Uber expects to launch robotaxis in a major U.S. city by next year and is throwing “multi-hundred-million” support behind Nuro to get there.

Then Tesla (TSLA) is rolling out its own robotaxi pilot, and not quietly. According to Business Insider, Tesla told employees it would begin robotaxi operations in San Francisco this weekend, a follow-up to last month’s Austin debut.

But early feedback hasn’t been great, with critics panning the user experience.

Betting against Elon Musk, however, has often been a losing game, and with Tesla’s infrastructure, AV ambitions, and political influence, few would rule out a comeback.
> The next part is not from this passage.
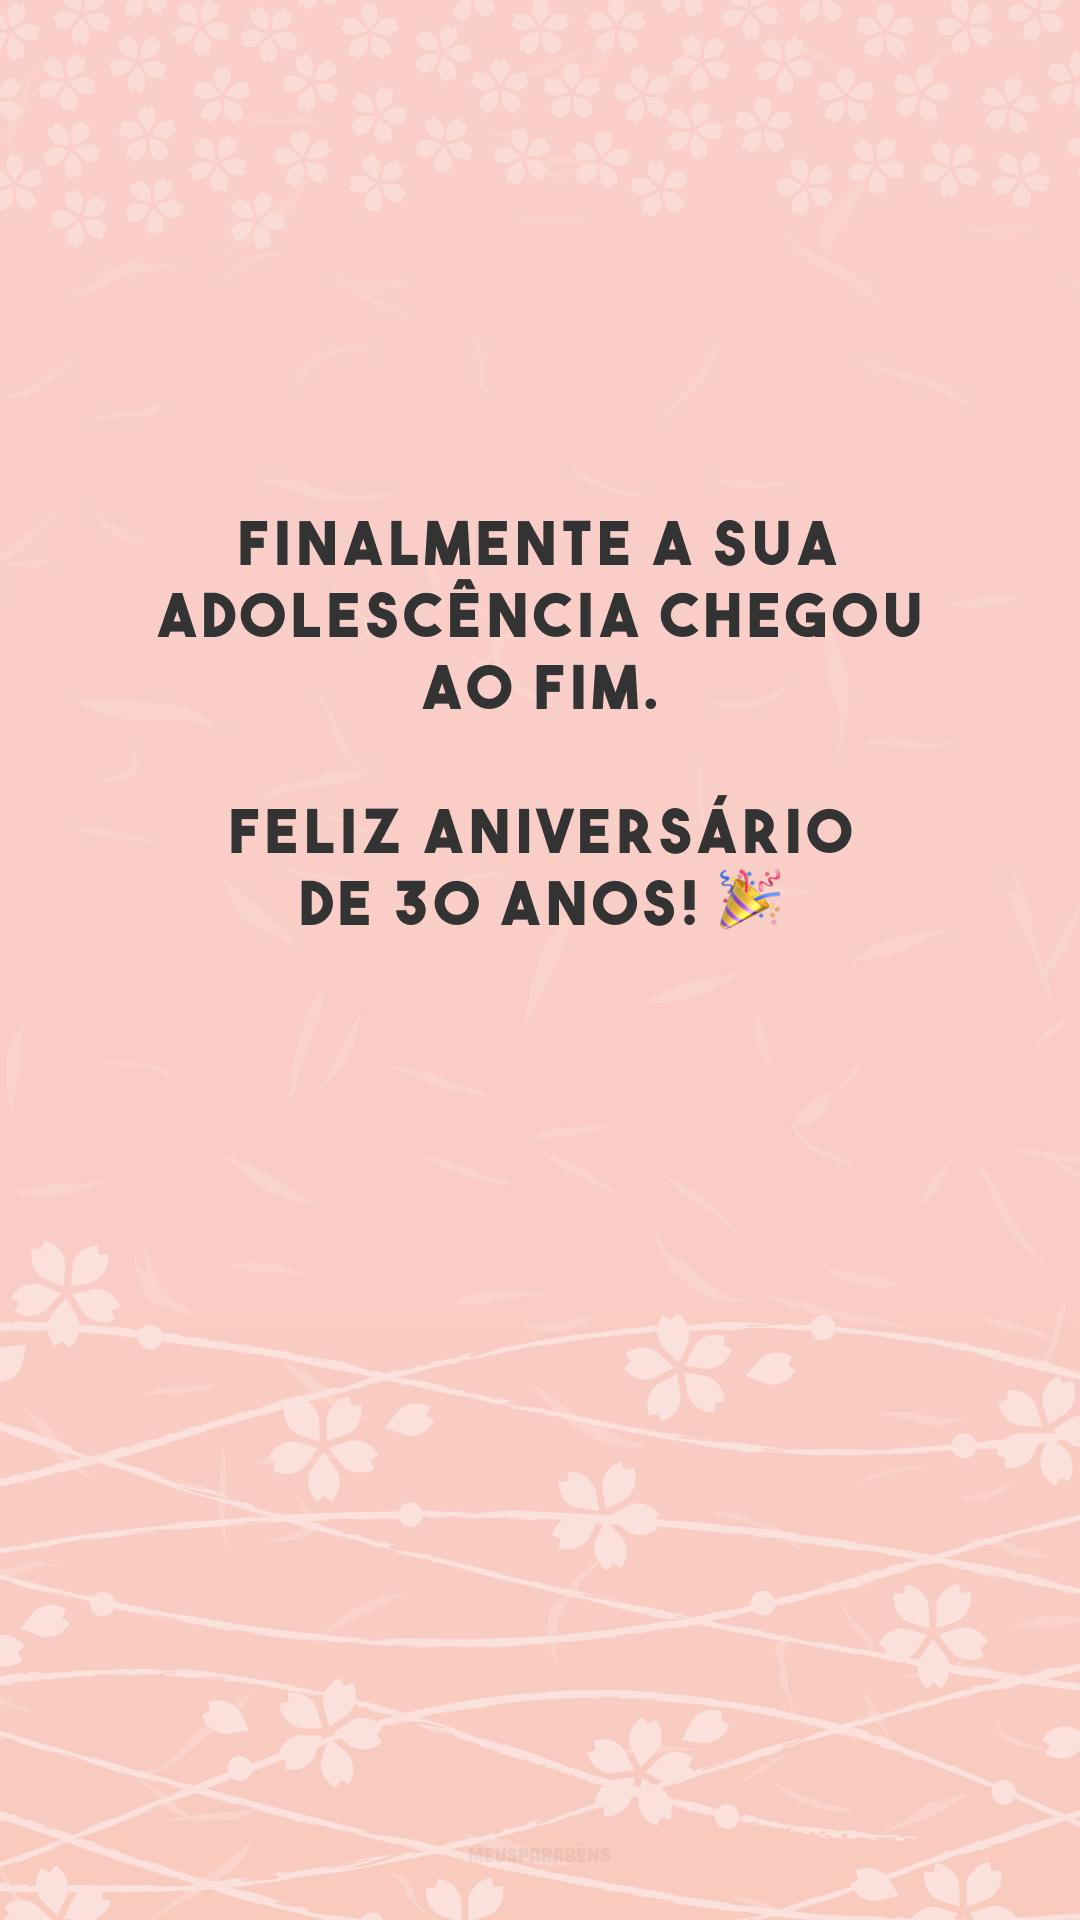 Finalmente a sua adolescência chegou ao fim. Feliz aniversário de 30 anos! 🎉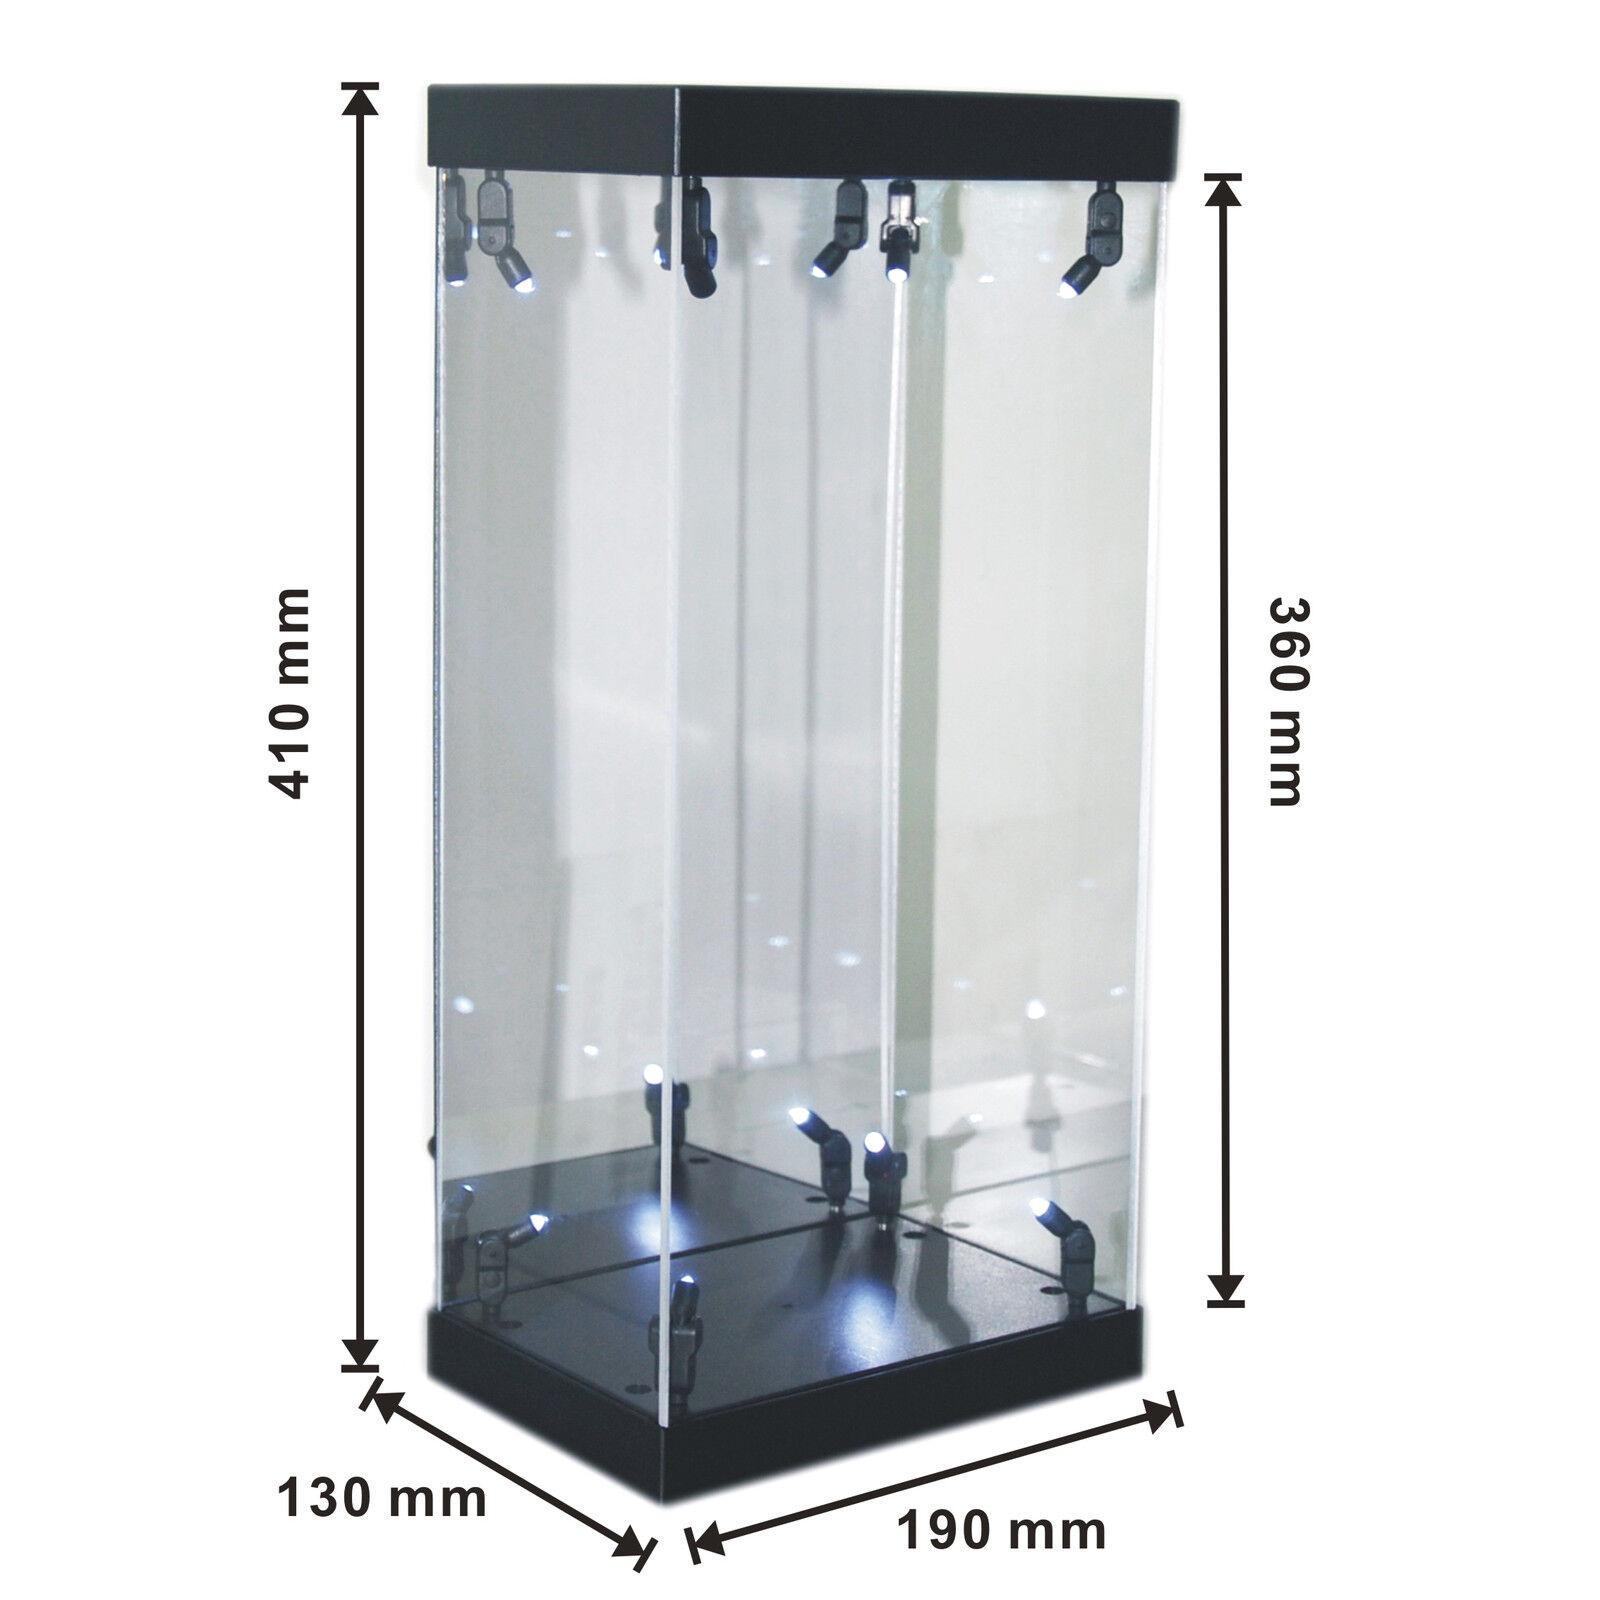 MB Acrylic Display Case LED lumière Box  for 12  1 6 1 6 Scale Phicen Action Figure  livraison directe et rapide

The Endgame? It’s all about cost

For now, ride-hailing companies insist AVs will “work alongside drivers.” But the writing’s on the wall, especially as pressure builds around gig worker reclassification and margins shrink.

“Autonomous vehicles have a superior cost structure,” Morningstar analyst Mark Giarelli noted in May. “The mandatory classification of gig workers as full-time employees could compress margins and hurt the company.”

In the meantime, Lyft stock is up 10.9% YTD, while Uber has surged 51.3%. Tesla, on the other hand, is down 21.7% in 2025, but that could change fast if its robotaxi rollout gets back on track.